● **WHAT IS NEEDED**: Nothing but the lines from the one with "Silicon valley na mapie świata" through the end of the material should be retyped, word for word and without pictures.

====== SUPPLIED DATA

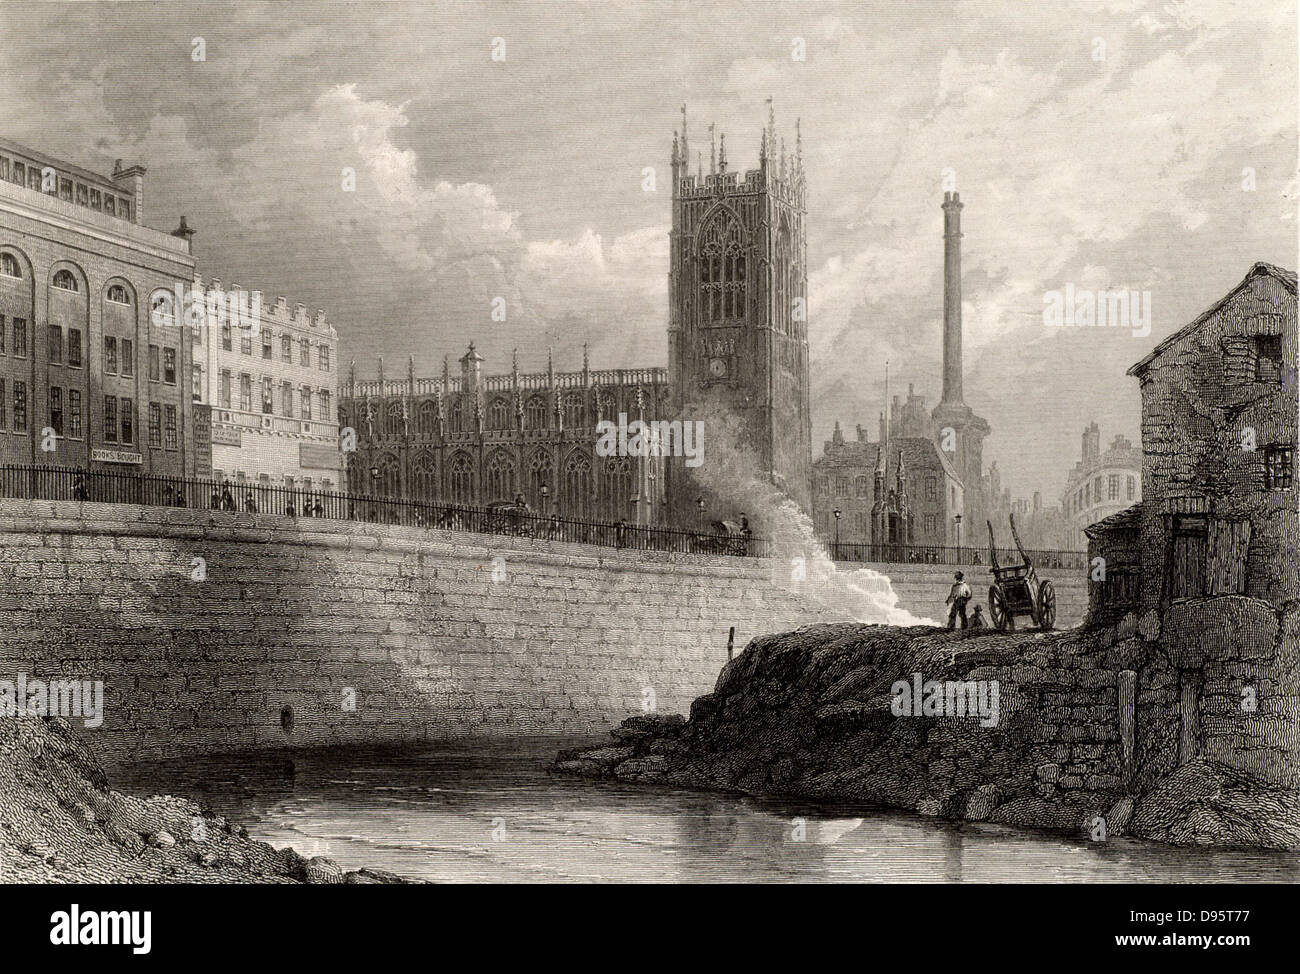 Manchester, Angleterre, à partir de la rivière Irwell, montrant les nouveaux bâtiments, dont une imposante cheminée d'usine, d'une ville prospère, contrastant avec la petite, vieille, effondrement des bâtiments industriels sur la droite. Manchester a été le centre de l'industrie du coton britannique et est l'une des premières villes d'Angleterre à être industrialisée. La gravure, milieu du xixe siècle. Banque D'Images
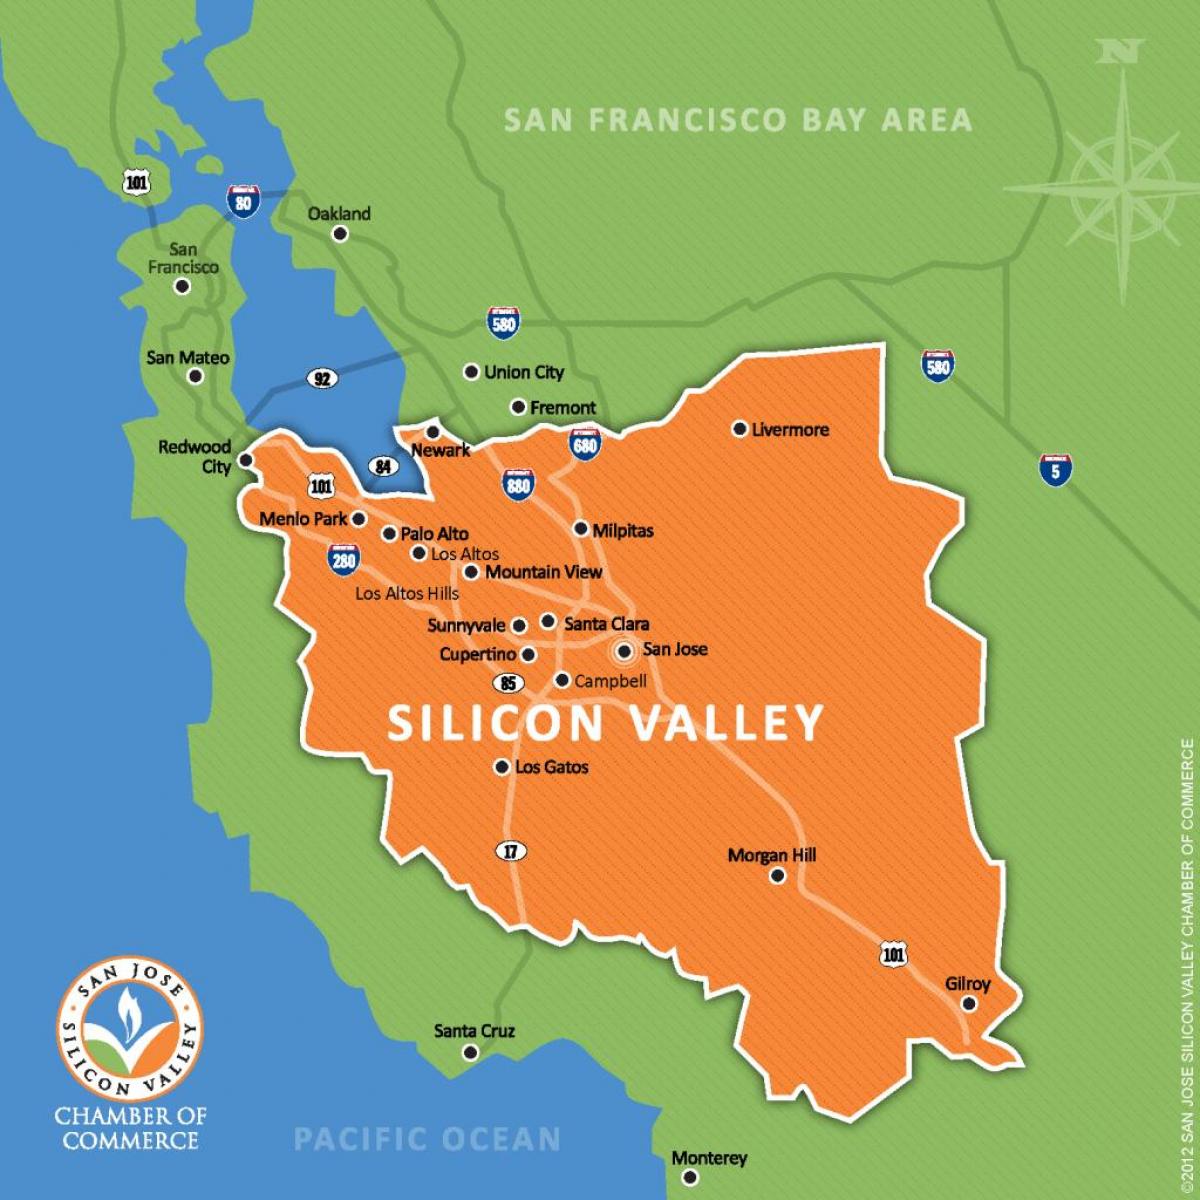 Silicon valley na mapie świata
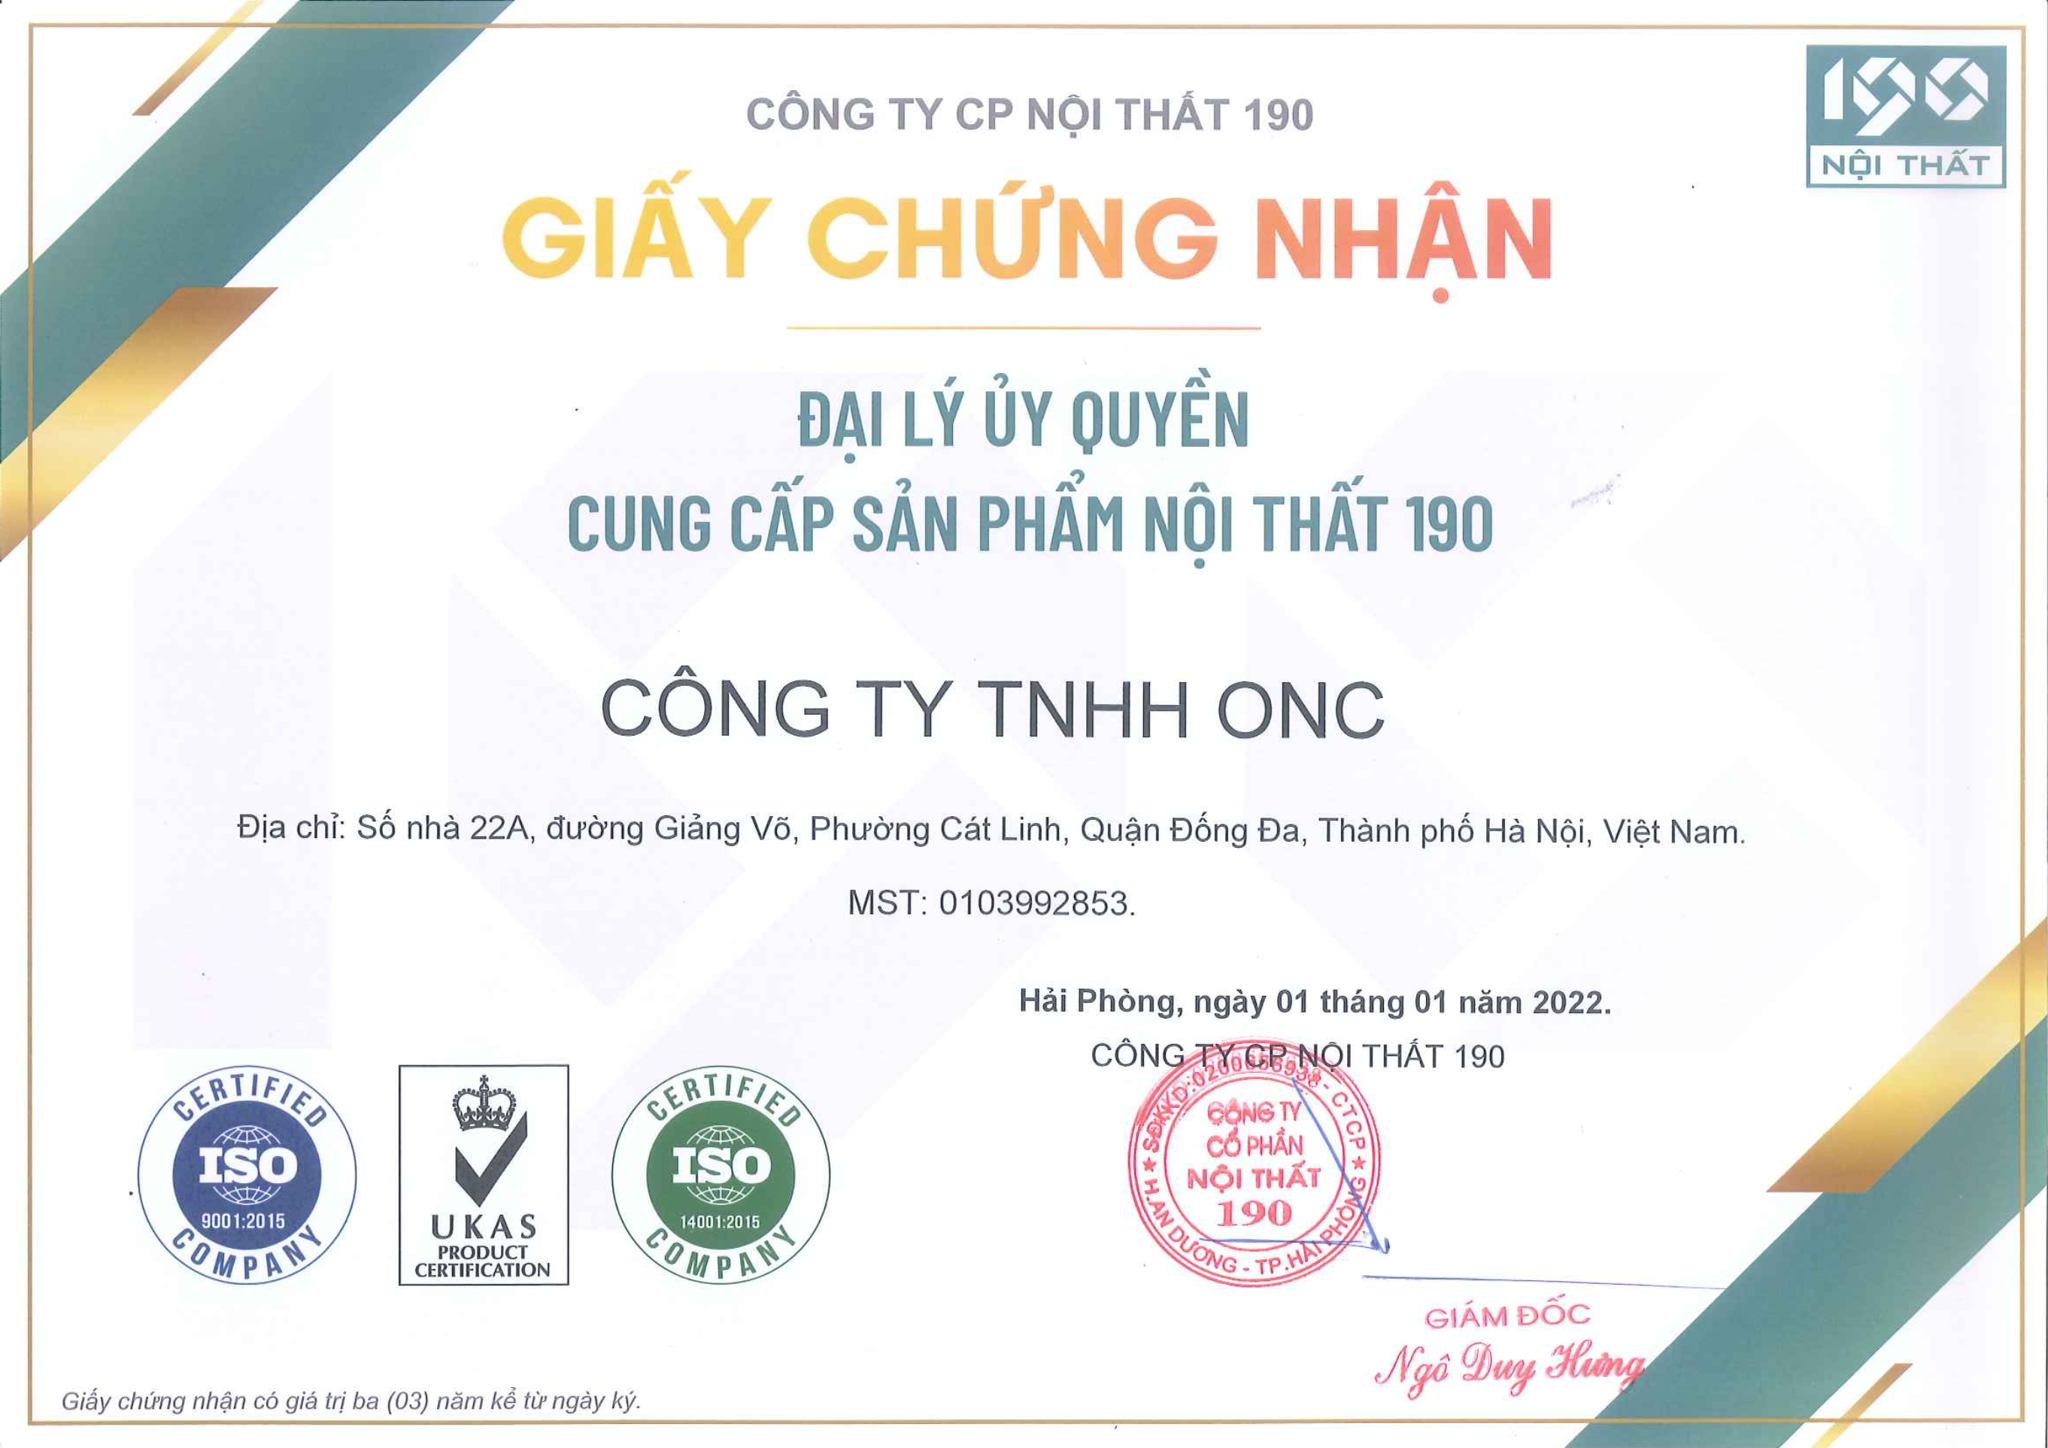 Giấy chứng nhận ONC là đại lý chính thức của Nội Thất 190

============

● **RESULT FOR THIS TASK**:
 Silicon valley na mapie świata
 Giấy chứng nhận ONC là đại lý chính thức của Nội Thất 190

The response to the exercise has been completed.